September 12 | 12 – 1pm
Jason Langer’s moody, cinematic photographs of Berlin are rich with echoes of trauma and resilience. His personal journey — from childhood in Israel to Buddhist studies and artistic confrontation in Germany — is a rare, poetic lens on history. This moving exhibit dives into the intergenerational imprint of the Holocaust and how photography can be both witness and salve.
Join us on Friday, September 12 from 12-1pm for an intimate tour of the exhibition led by Langer, who also curated the show.

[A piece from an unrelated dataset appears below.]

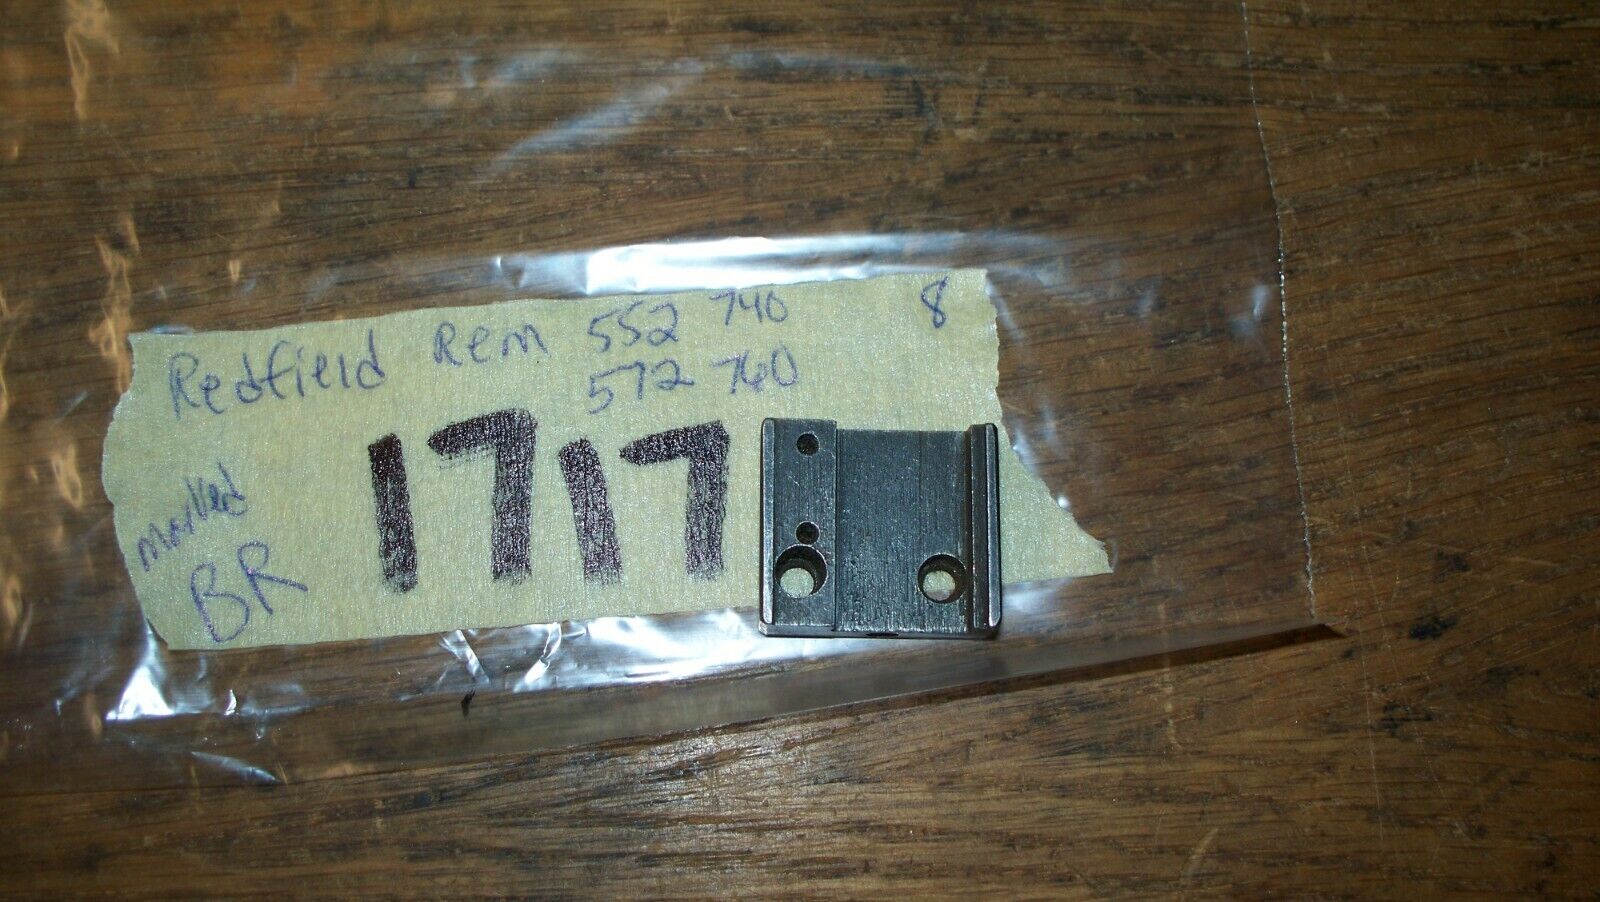 Redfield, fits Remington 552 740 572 760 models, BR receiver sight base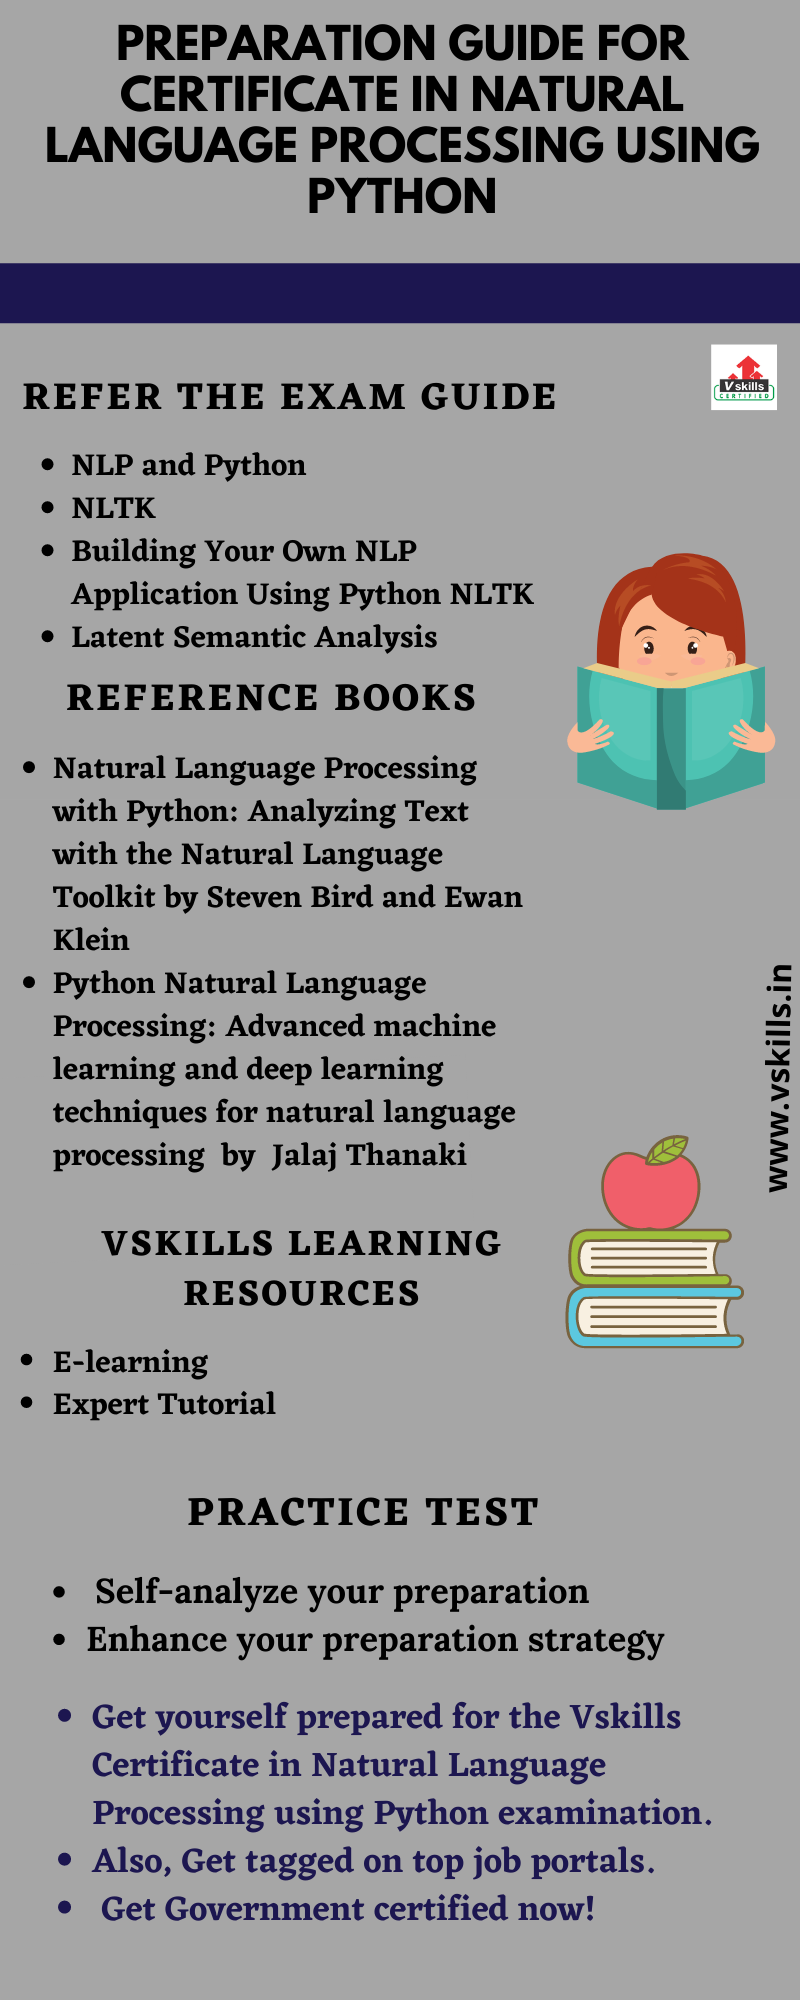 Preparation Guide for Vskills Certificate in Natural Language Processing using Python

This program is presented as part of Berlin: A Jewish Ode to the Metropolis.
About Curator
Born in 1967 in Tucson, Arizona, photographer Jason Langer makes work underpinned by Buddhist philosophy. Graduating with a BA in Photography from the University of Oregon in 1989, his first major project, Shadow, explored existential ideas relating to the fragility of the human body. In the 1990s he made Secret City, a series of night photographs of distant, anonymous men in New York, whose faces were darkened or obscured to represent egolessness.
Jason Langer’s Work
In 2007, Langer started a decade-long project titled Figures, featuring studies of strangers inspired by Buddhist and Jungian teachings on masculine and feminine principles. In the same year, he began photographing couples making love, exploring Buddhist aspects of the mind in union. This work was exhibited as The Diamond and the Lotus in 2012. Langer has published four books to date: Secret City (2006, Nazraeli Press), Possession (2013, Nazraeli Press), a mid-career retrospective titled Twenty Years (Radius Books, 2015), and Berlin (2022, Kerber Verlag).
Langer’s work has been exhibited by institutions such as Benrubi Gallery (NYC), Kopeikin Gallery (Los Angeles), and ClampArt, (NYC) and supported by grants and awards from the Ford Family Foundation, The Oregon Arts Commission, PX3 Prix de la Photographie, Paris, the Joy of Giving Something Foundation, The Wood Institute, Madrid Foto, and the Palm Beach Photographic Centre’s Fotofusion Rising Star Award. His images are held in the permanent collections of Yale University Art Gallery, Zimmerli Art Museum, Rutgers University, Sir Elton John, Sir Mick Jagger, and International Photography Hall of Fame and Museum, among others, and are represented by CLAMP (NYC), Galerie Esther Woerdehoff (Paris), and Gilman Contemporary (Idaho).
Jason Langer Today
Langer taught photography at the Academy of Art University in San Francisco for more than a decade and currently teaches for Santa Fe Workshops, Medium San Diego, and is a faculty member of Photo Phlo. He lives in Portland, Oregon, and is currently working on two projects – Stumptown Portraits and Samsara: the Wheel of Life and Transcendence, which reflects the Buddhist cycle of birth, death, and rebirth following his father’s passing in 2019.